Recurrence Approach : How can we generate all possibilities on braces?

问题

How can we generate all possibilities on braces ?

N value has given to us and we have to generate all possibilities.

Examples:

1) if N == 1, then only one possibility () .

2) if N==2, then possibilities are (()), ()()

3) if N==3, then possibilities are ((())), (())(),()()(), ()(()) ...

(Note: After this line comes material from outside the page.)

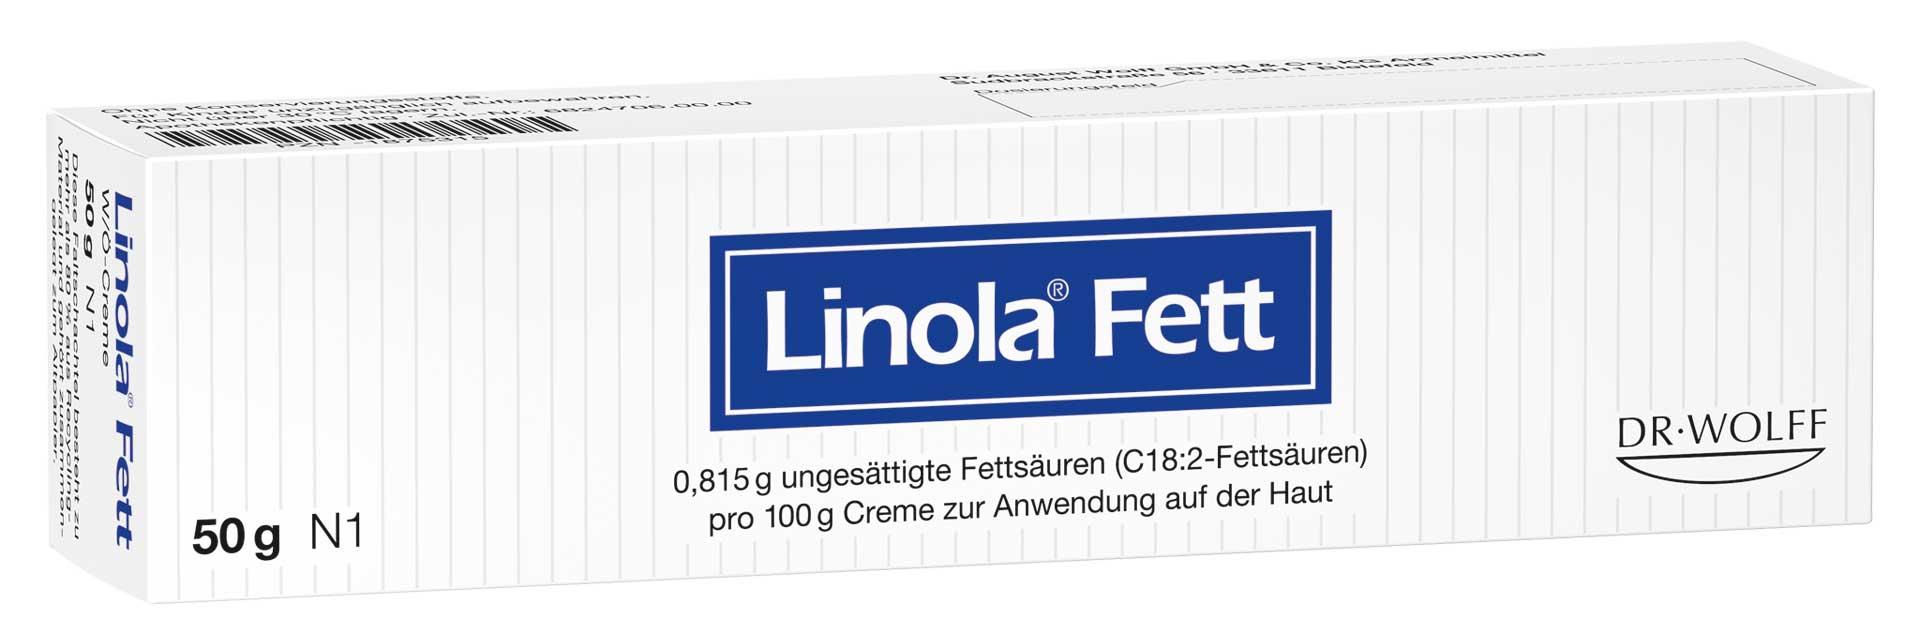 FS-LFett-50g

Note: left and right braces should match. I mean )( is INVALID for the N==1

Can we solve this problem by using recurrence approach ?

回答1:

From wikipedia -

A Dyck word is a string consisting of n X's and n Y's such that no initial segment of the string has more Y's than X's (see also Dyck language). For example, the following are the Dyck words of length 6:

XXXYYY     XYXXYY     XYXYXY     XXYYXY     XXYXYY.

Re-interpreting the symbol X as an open parenthesis and Y as a close parenthesis, Cn counts the number of expressions containing n pairs of parentheses which are correctly matched:

((()))     ()(())     ()()()     (())()     (()())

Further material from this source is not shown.